I am trying to control that the following differentialequation is stable for the numerical time-integration method: Euler Forward with $\Delta t = 1$.
$$
y''(t)+y'(t)+\sin(y(t)) = 0, \ \ \ \ y(0 ) = 1, y'(1) = 0.
$$
By using the following, we can transform this into a system of differential equations. Since we know that our ODE is non-linear, we will use the Jacobi-matrix of $\bf{y'}= \begin{bmatrix} y_1'(t) \\ y_2'(t) \end{bmatrix}$.
\begin{align}
y_1&=y &\Rightarrow y_1' &= y_2,\\
y_2&=y' &\Rightarrow y_2'& = -y_2-\sin(y_1).
\end{align}
The Jacobi-matrix is:
\begin{equation}
J(y_1,y_2)= \begin{bmatrix} 0 & 1\\
-\cos(y_1) & -1 \end{bmatrix}.
\end{equation}
We will calculate the eigen-values of this matrix, these are:
\begin{align}
\lambda_1 &= \frac{-1 + \sqrt{1-4 \cos(y_1)} }{2},\\
\lambda_2 &= \frac{-1 – \sqrt{1-4 \cos(y_1)} }{2}.
\end{align}
Now, my question is: These eigenvalues can be complex, so how is it possible for Euler Forward to be stable, I recall that Euler Forward is not stable if the eigenvalues have complex parts.
Thanks for your time,
K. Kamal
Best Answer
The condition for stability is that for eigenvalues $λ$ with negative real part you have $$|1+hλ|<1.$$ For your problem these eigenvalue are $λ=\frac12(-1\pm i\sqrt{3})$ and $λ=-\frac12(1+\sqrt5)$ so that the condition is $$ (1-\tfrac12h)^2+\tfrac34h^2<1\iff h^2-h<0~~\text{ and }~~h(1+\sqrt5)<4 $$ and as $h>0$, the bound for stability is $h<\min(1, \frac{4}{1+\sqrt5})=1$.

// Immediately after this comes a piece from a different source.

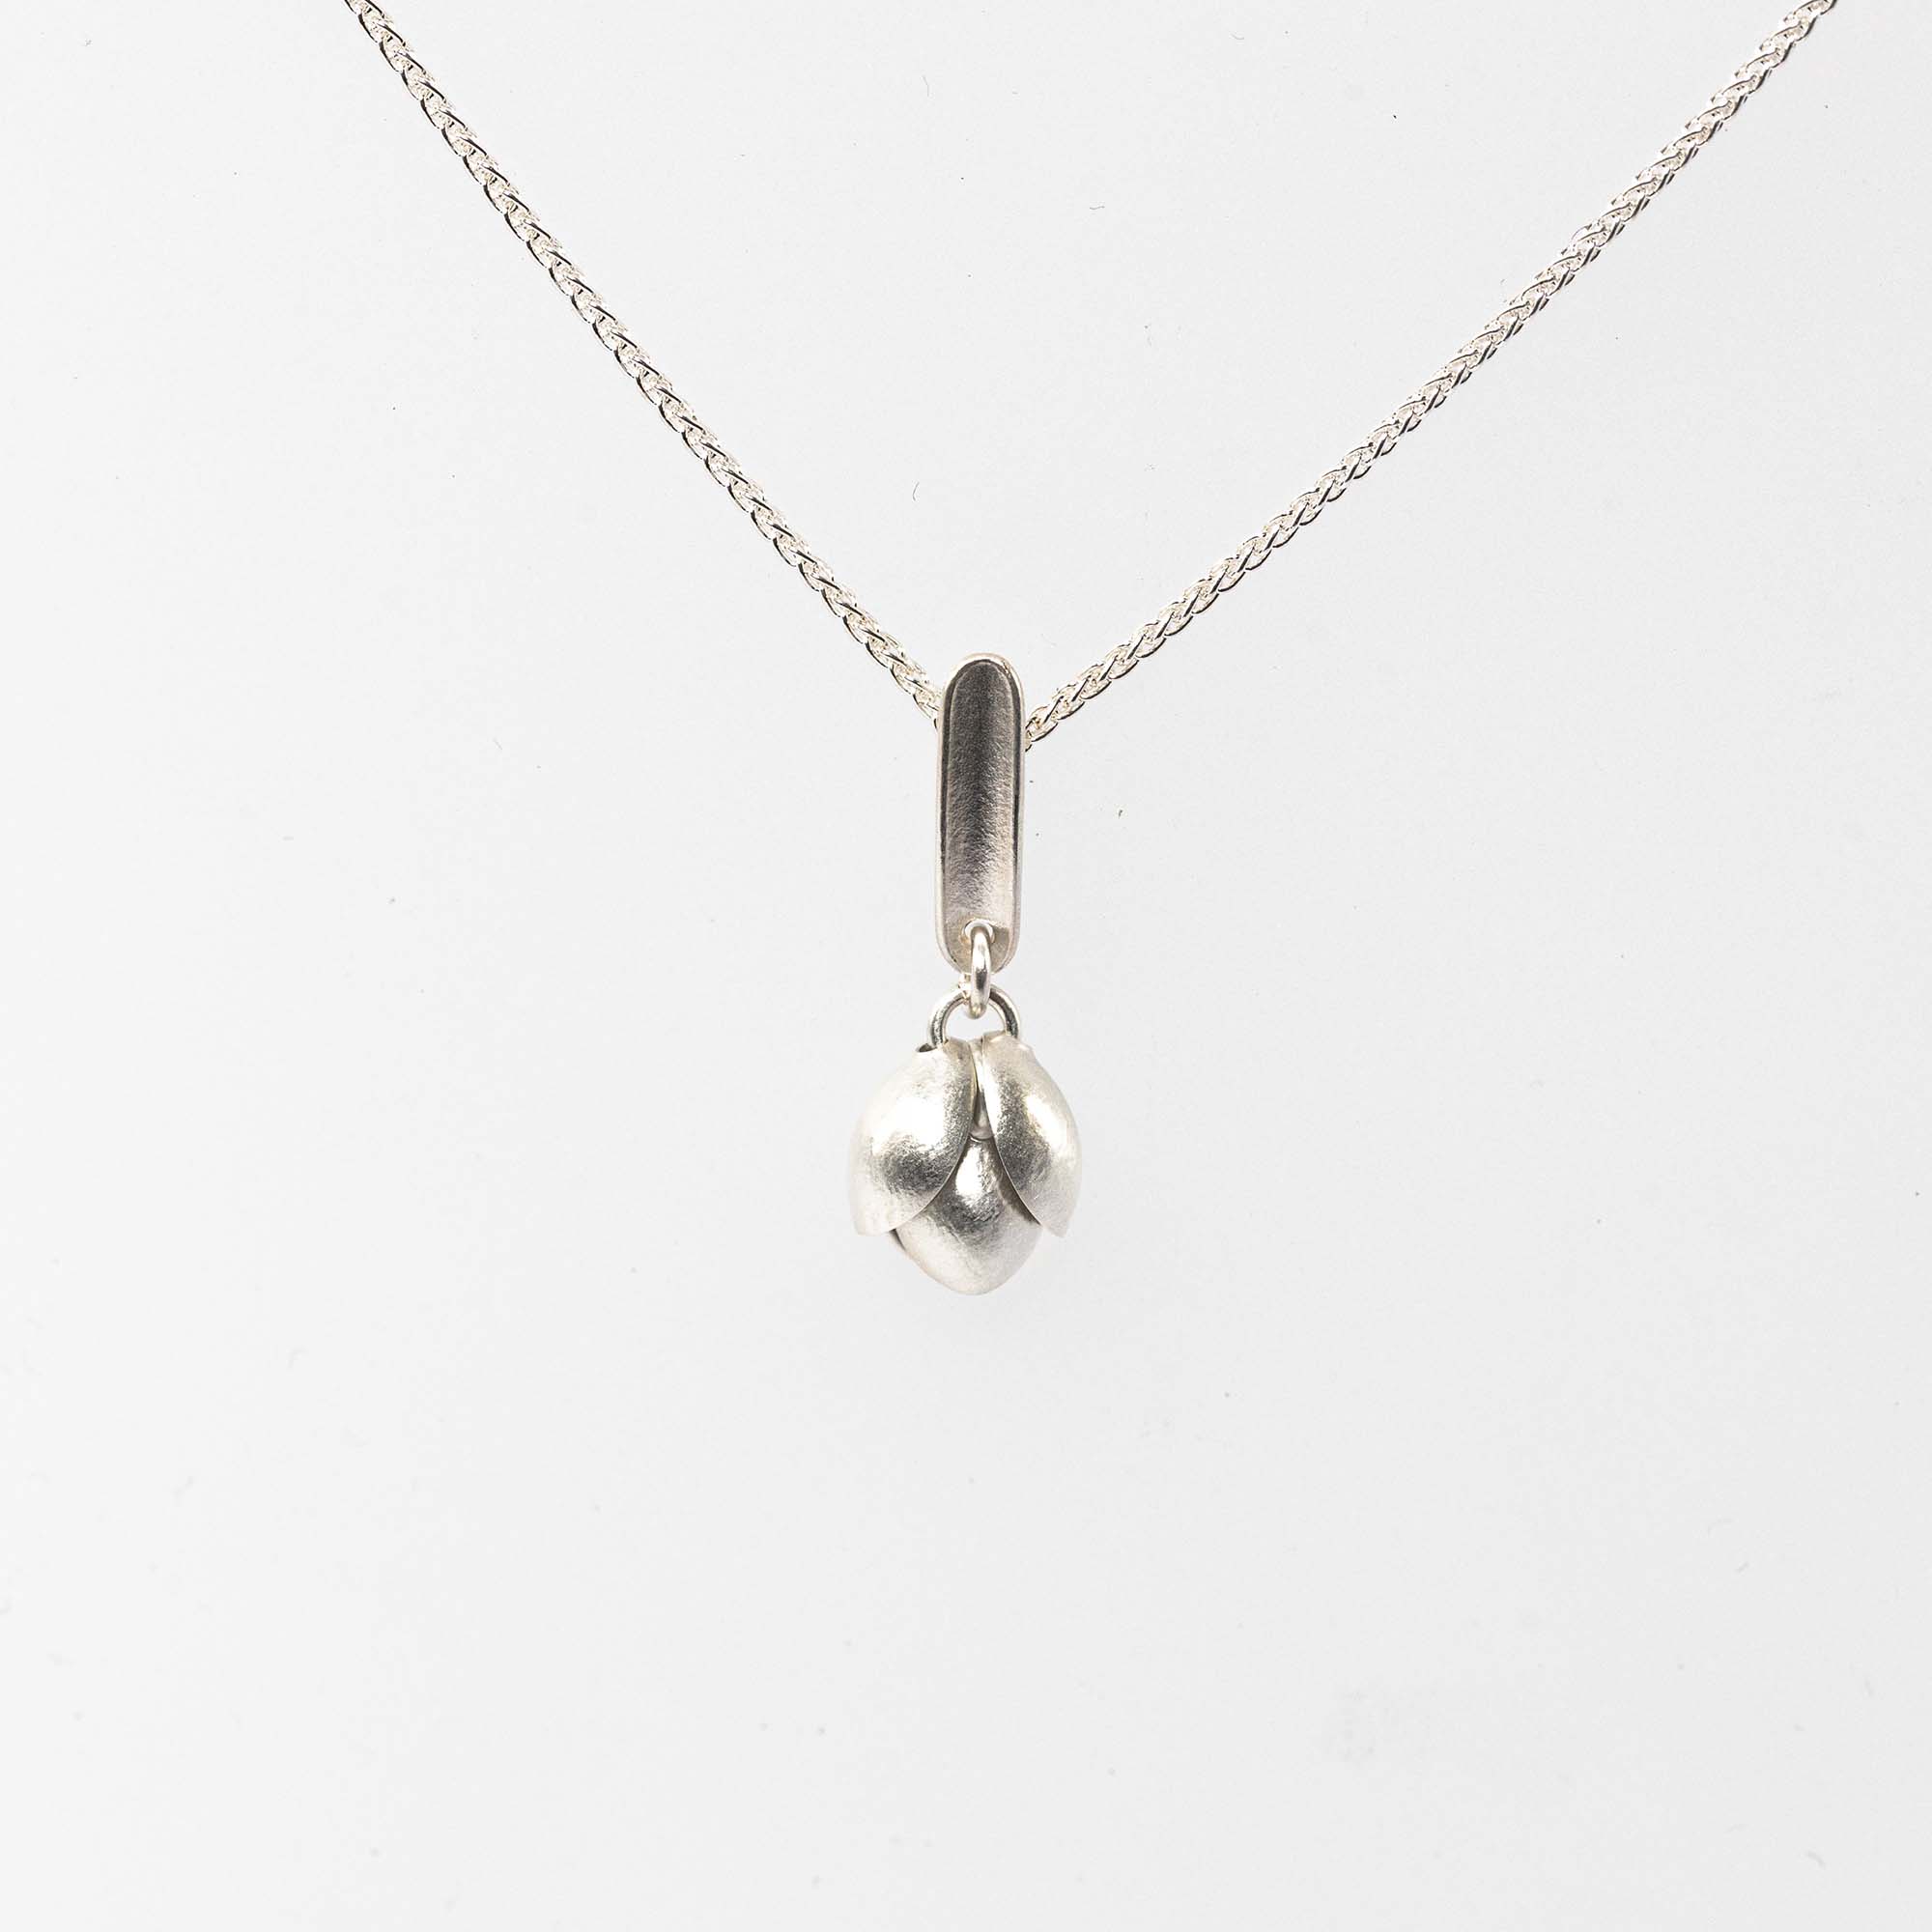 Glenn Campbell QGS2-S Small Silver GrassPod pendant with 2 layers £64

However this only means that you avoid visibly, blatantly wrong behavior of the numerical solution, that is, that if the exact solution moves towards a fixed point, that the numerical solution were to explode away from it. The overall global error of size $O(h)$ or for variable time, $O((e^{Lt}-1)h)$, still remains. It may be advisable to take $h$ much smaller than the stability bound to get a sensible global error.
While the exact solution converges very rapidly towards the origin, with a bit more than one visible rotation about zero, the numerical solution with step size $h=0.5$ still somewhat shows that rapidity while $h=0.75$ has a rather slow convergence and $h=1$ looks undecided if it approaches the origin at all.